[Your goal]
Could you retype the lines below, starting at the line holding "Muzei242_Стоматологични наконечници, скалпел" and stopping at the line holding "Garage Jallier Tharreau", inclusive? Copy them exactly and drop the images.

== Records for the task ==

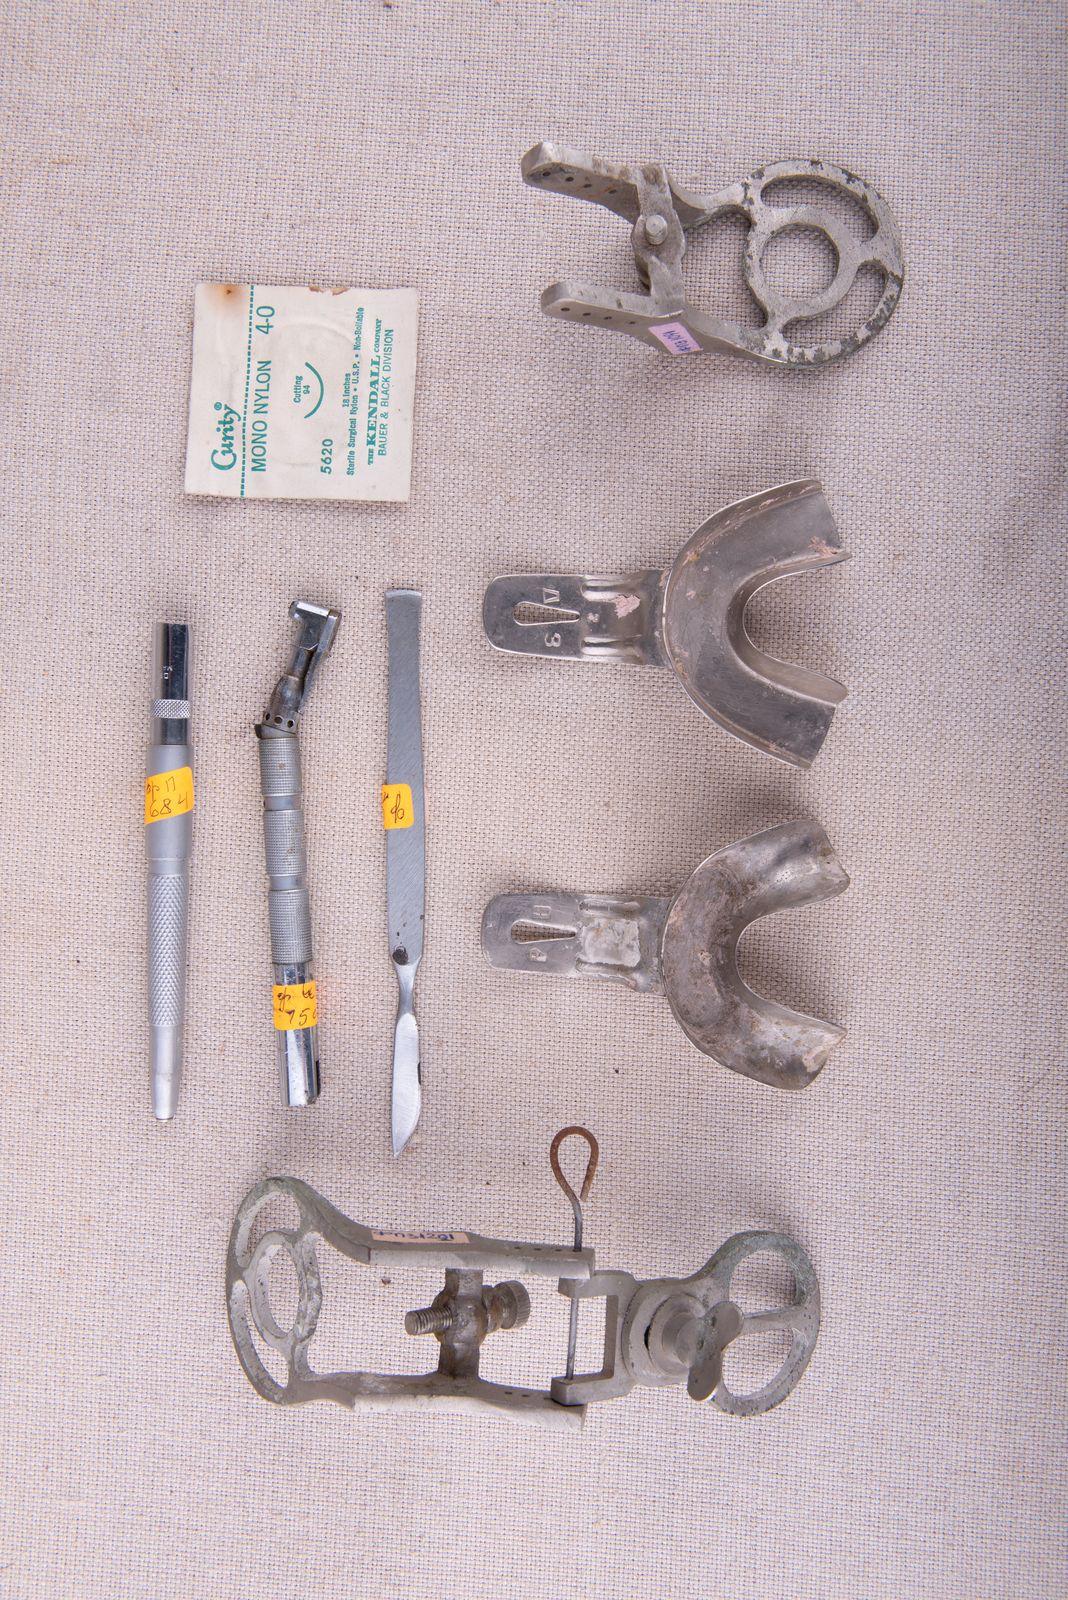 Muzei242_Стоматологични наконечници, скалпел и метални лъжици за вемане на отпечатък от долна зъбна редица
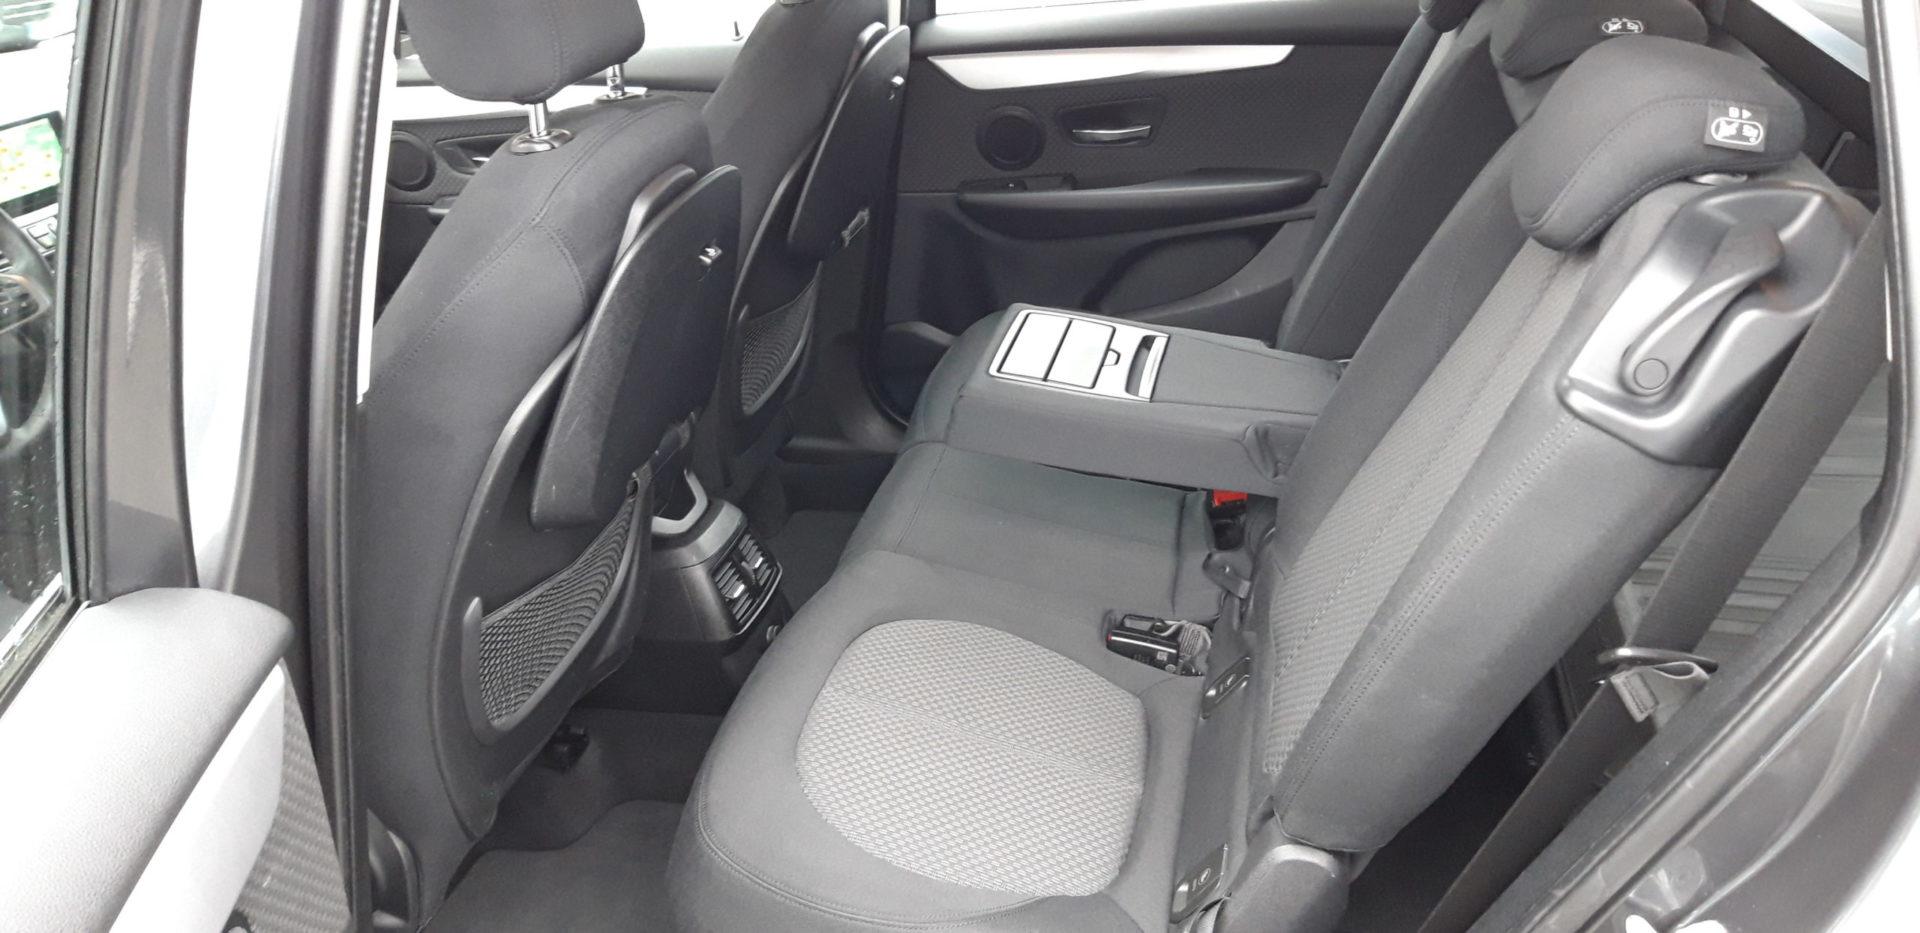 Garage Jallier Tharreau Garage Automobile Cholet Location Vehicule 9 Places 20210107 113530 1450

===
== Records for the task ==

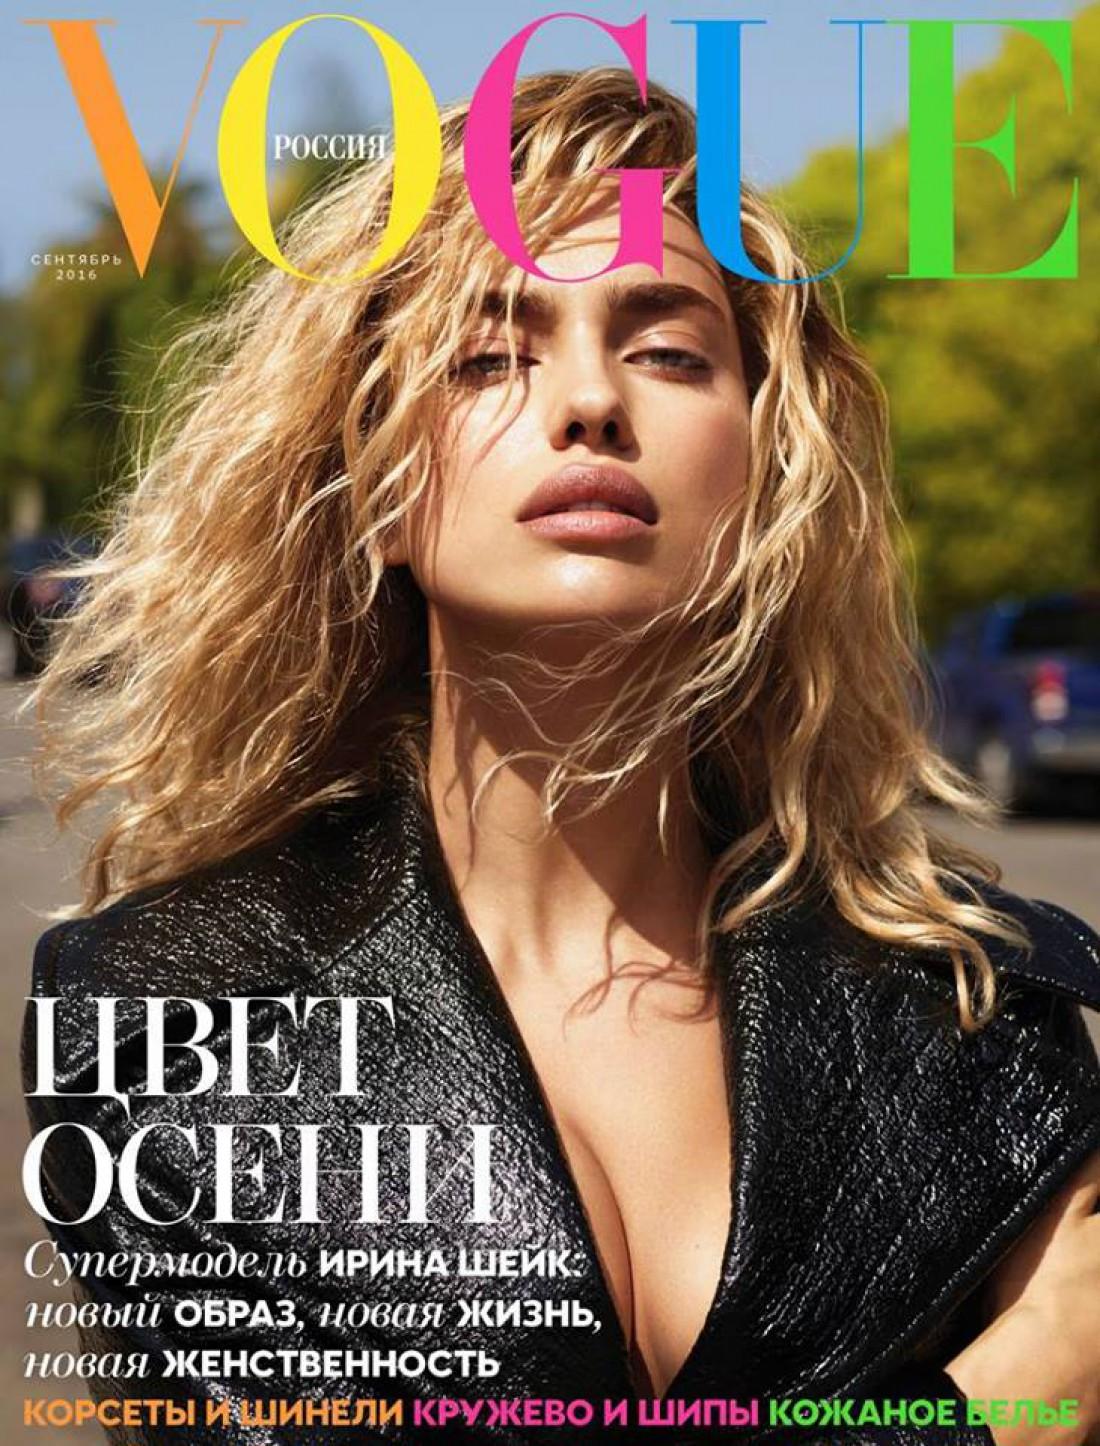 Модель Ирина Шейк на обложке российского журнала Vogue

===
== Records for the task ==

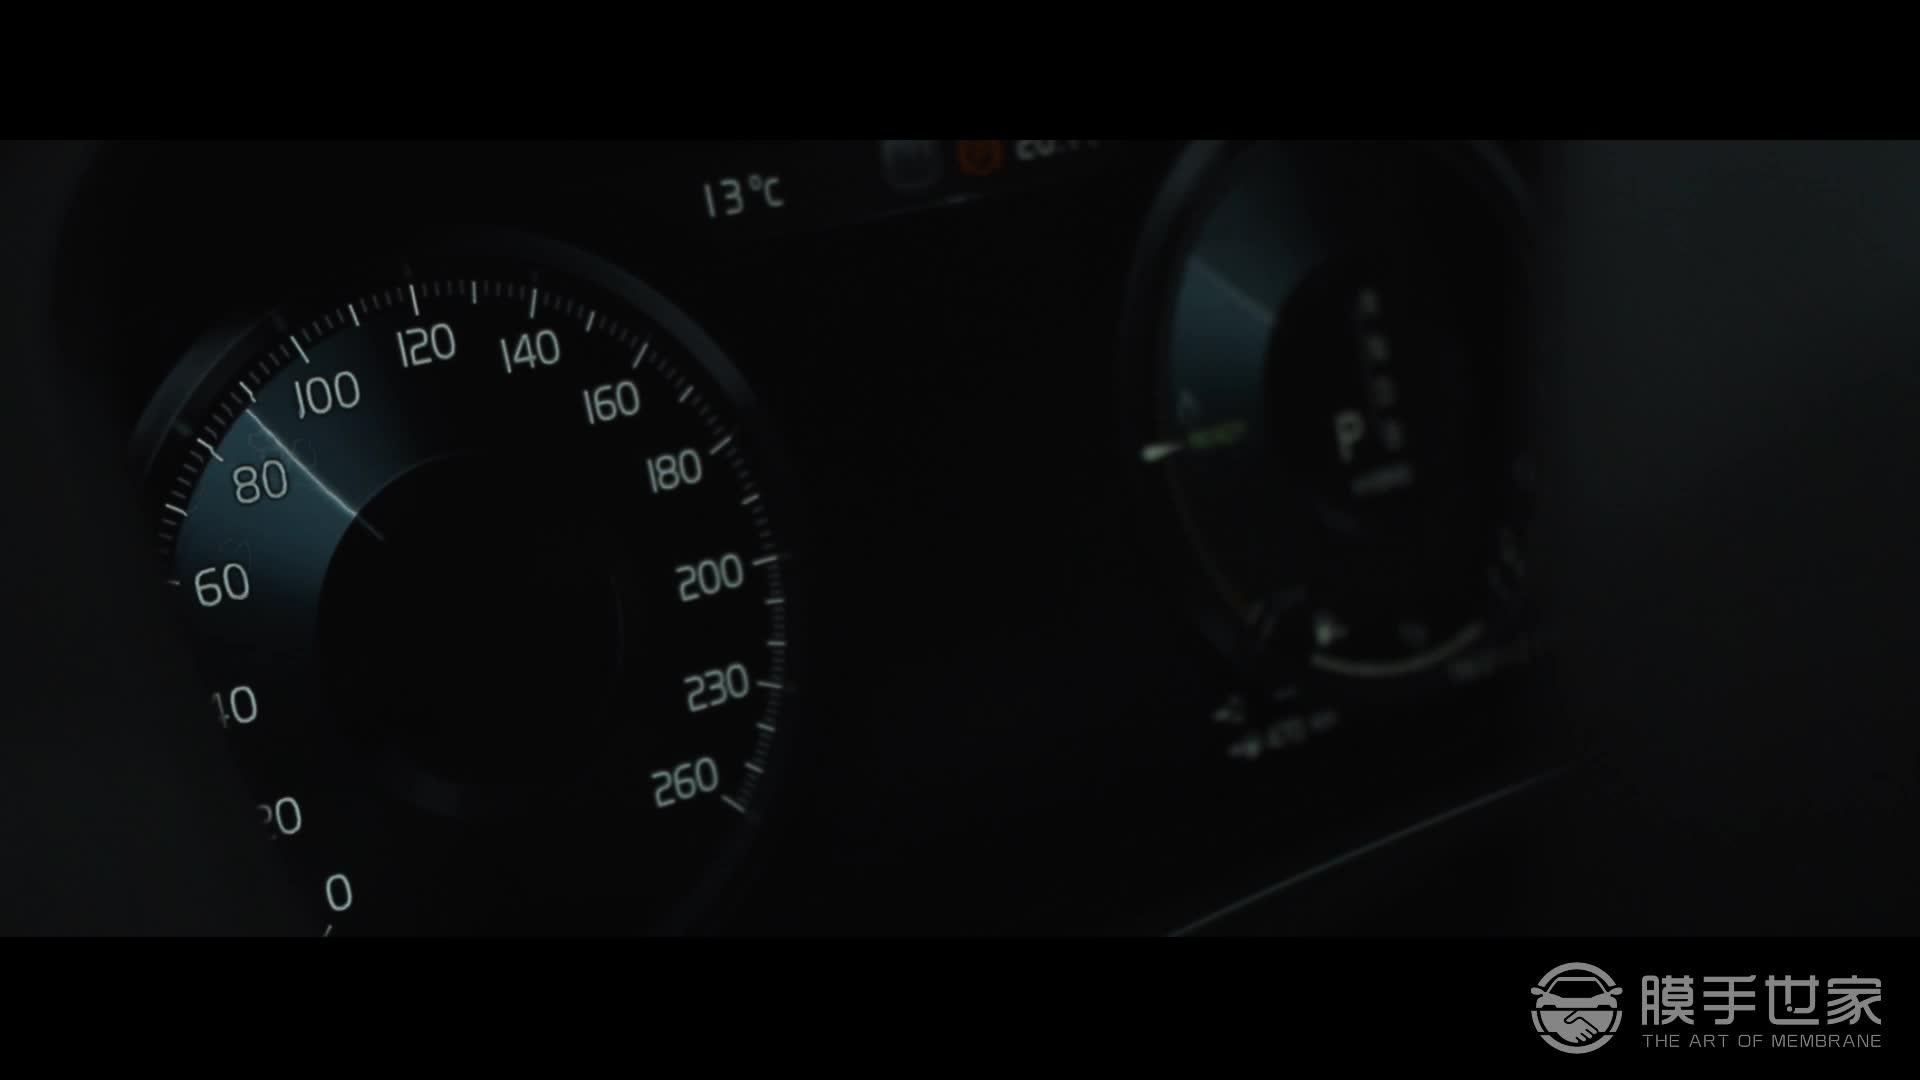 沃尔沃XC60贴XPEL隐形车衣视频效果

===

[Expected output]
 Muzei242_Стоматологични наконечници, скалпел и метални лъжици за вемане на отпечатък от долна зъбна редица
 Garage Jallier Tharreau Garage Automobile Cholet Location Vehicule 9 Places 20210107 113530 1450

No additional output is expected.